_How to complete this task_
Extract each line of the material that follows exactly and omit its pictures.

_Data section_
# # # # #

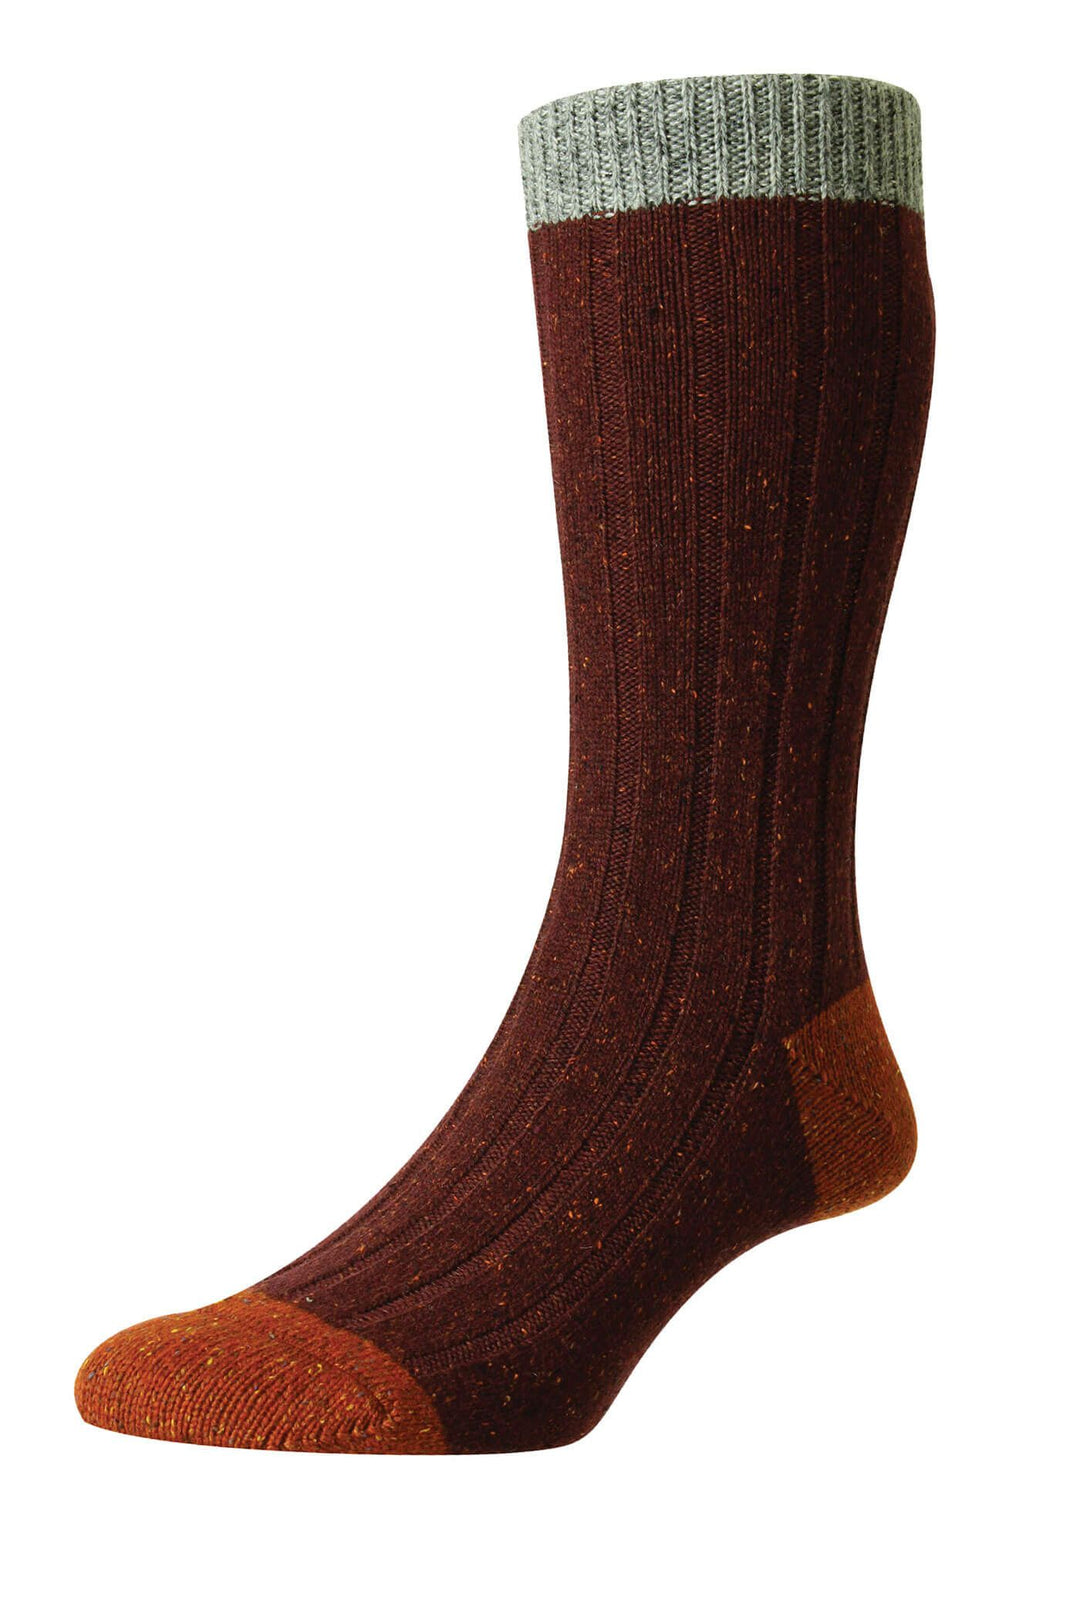 Pantherella Thornham Wool Socks
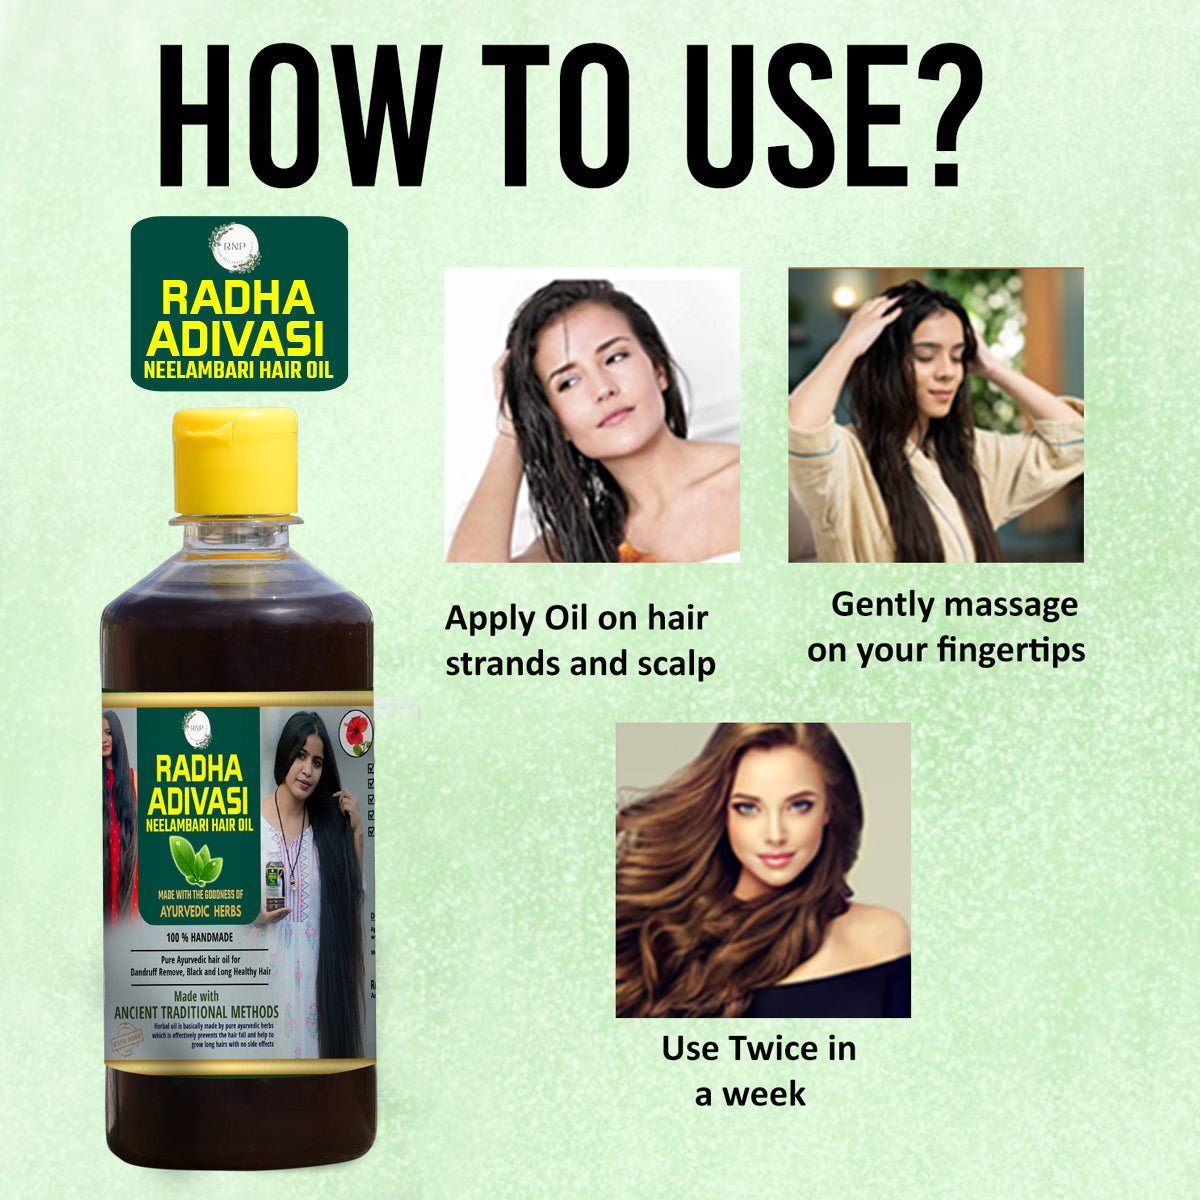 Radha adivasi neelambari hair oil [500ml]
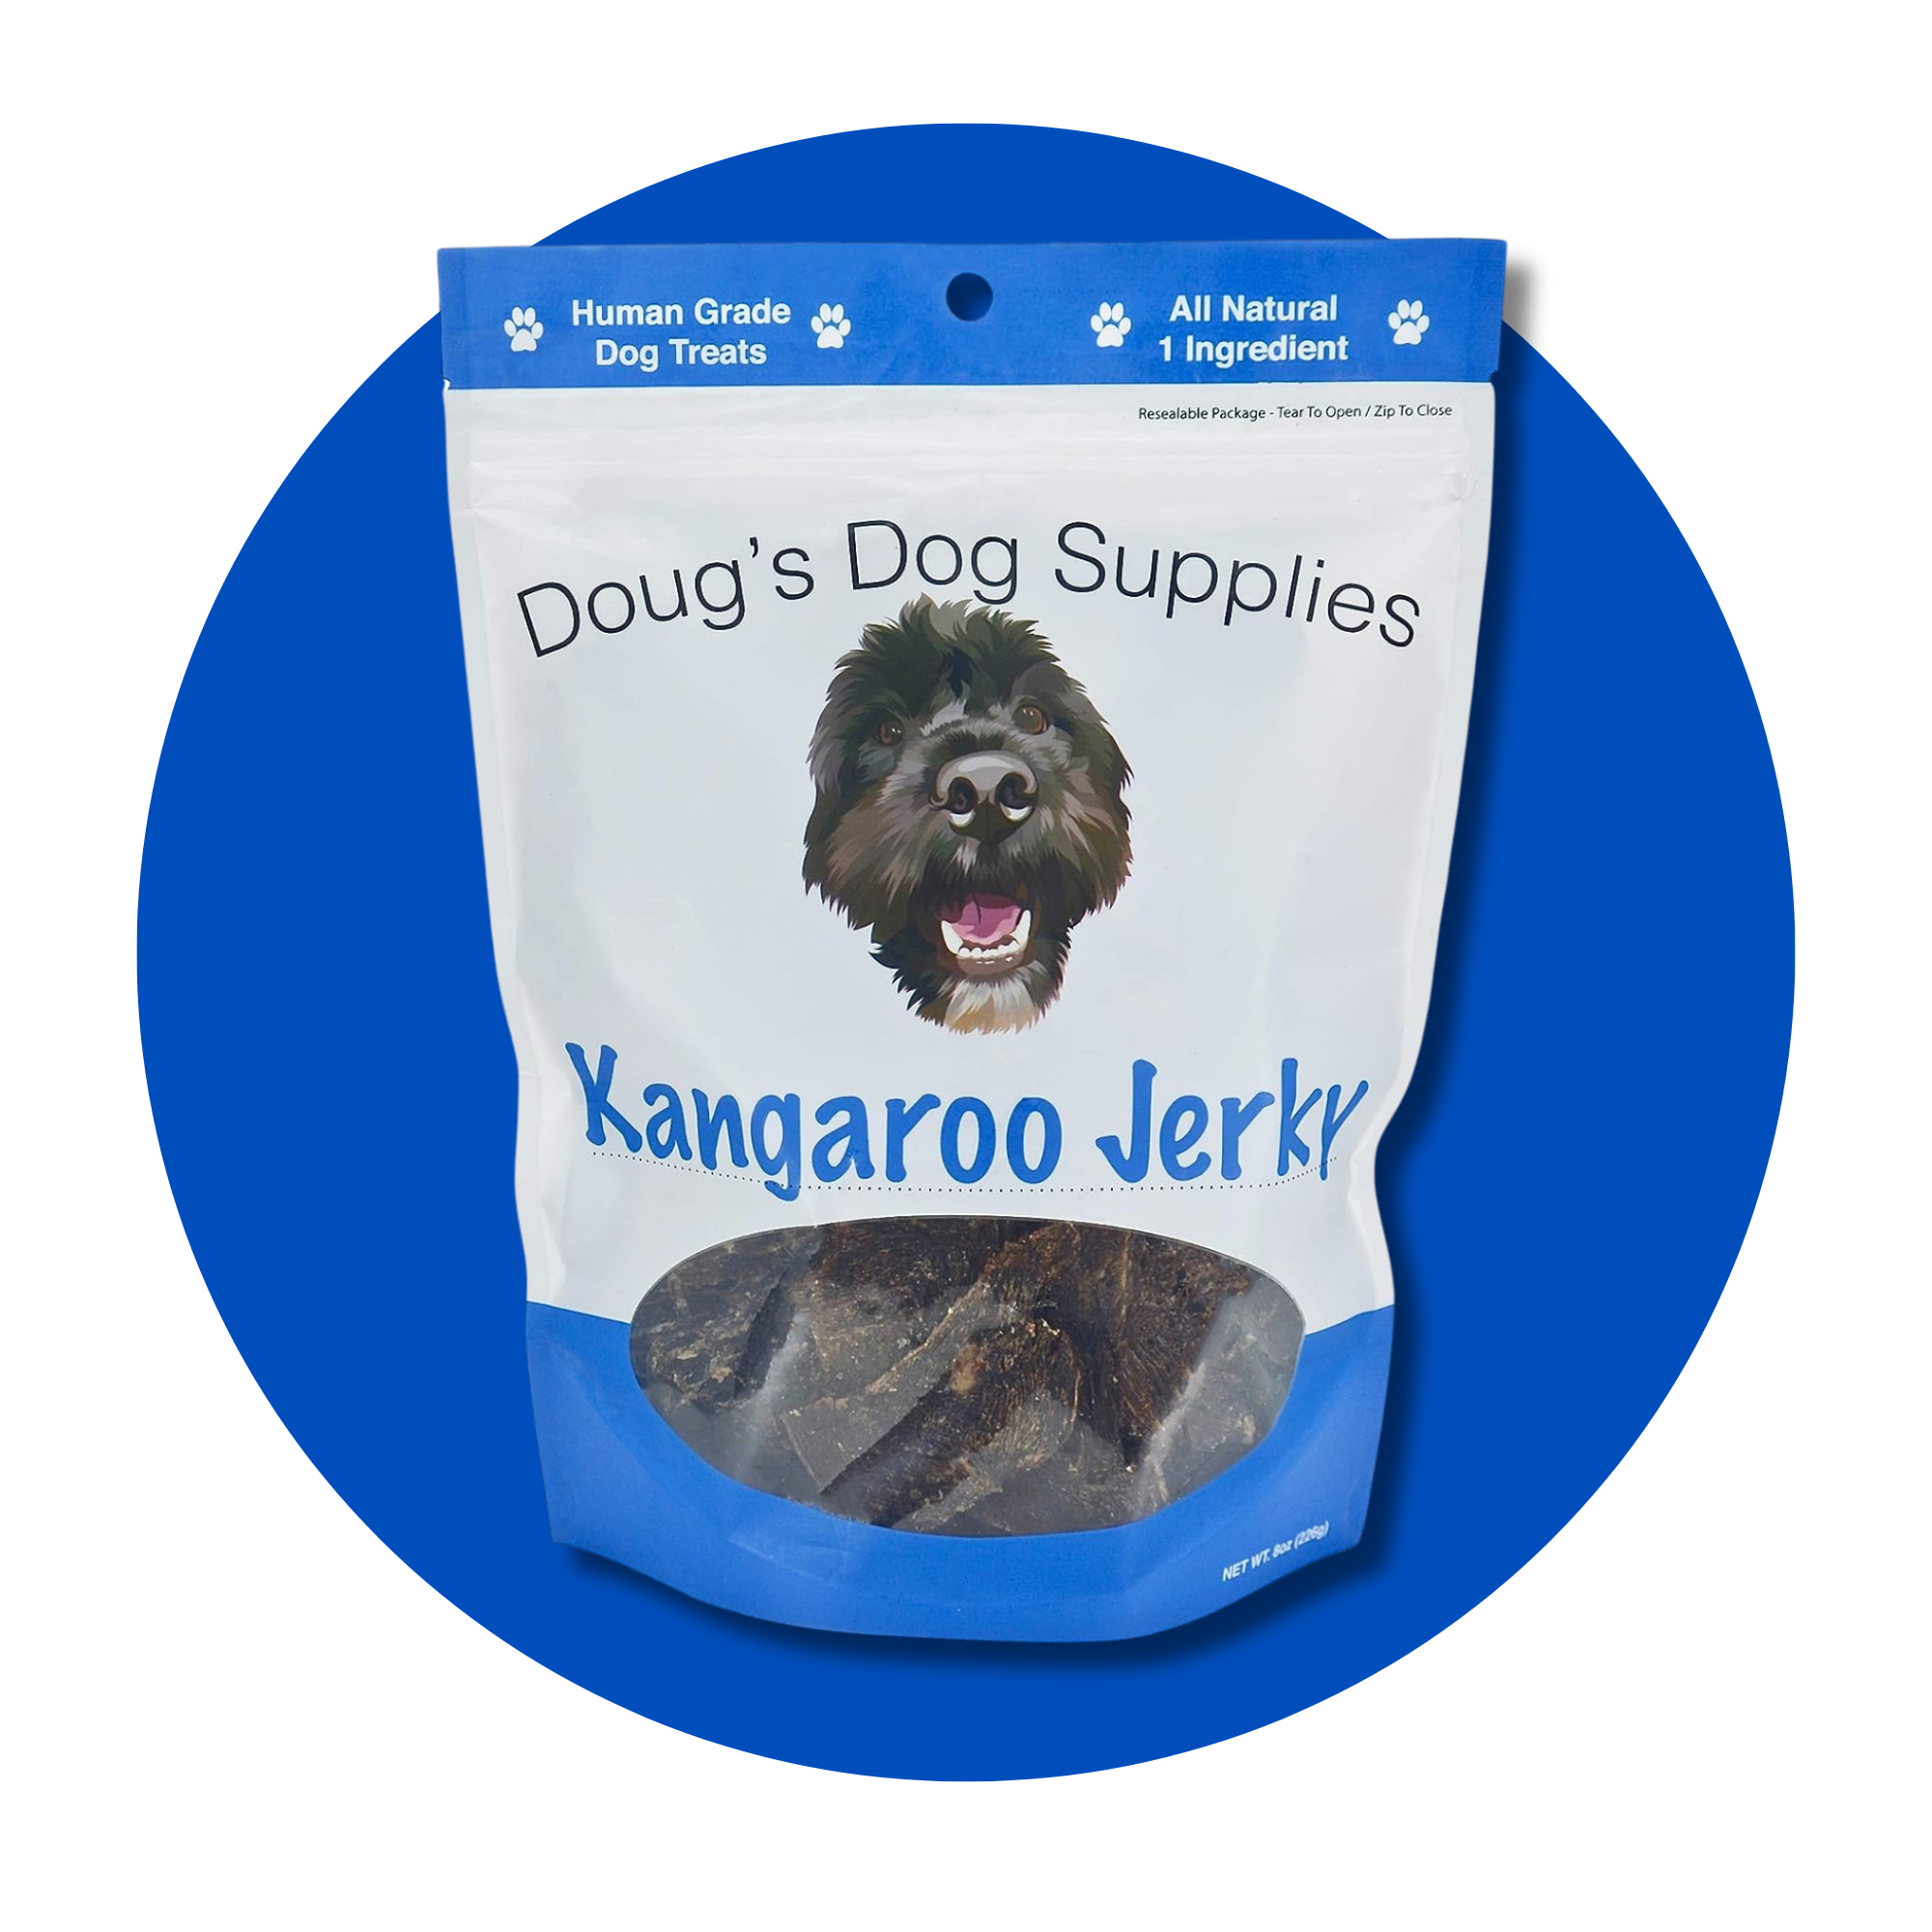 Kangaroo Jerky Dog Treats Doug's Dog Supplies

# # # # #

_Expected answer_
 Pantherella Thornham Wool Socks
 Radha adivasi neelambari hair oil [500ml]
 Kangaroo Jerky Dog Treats Doug's Dog Supplies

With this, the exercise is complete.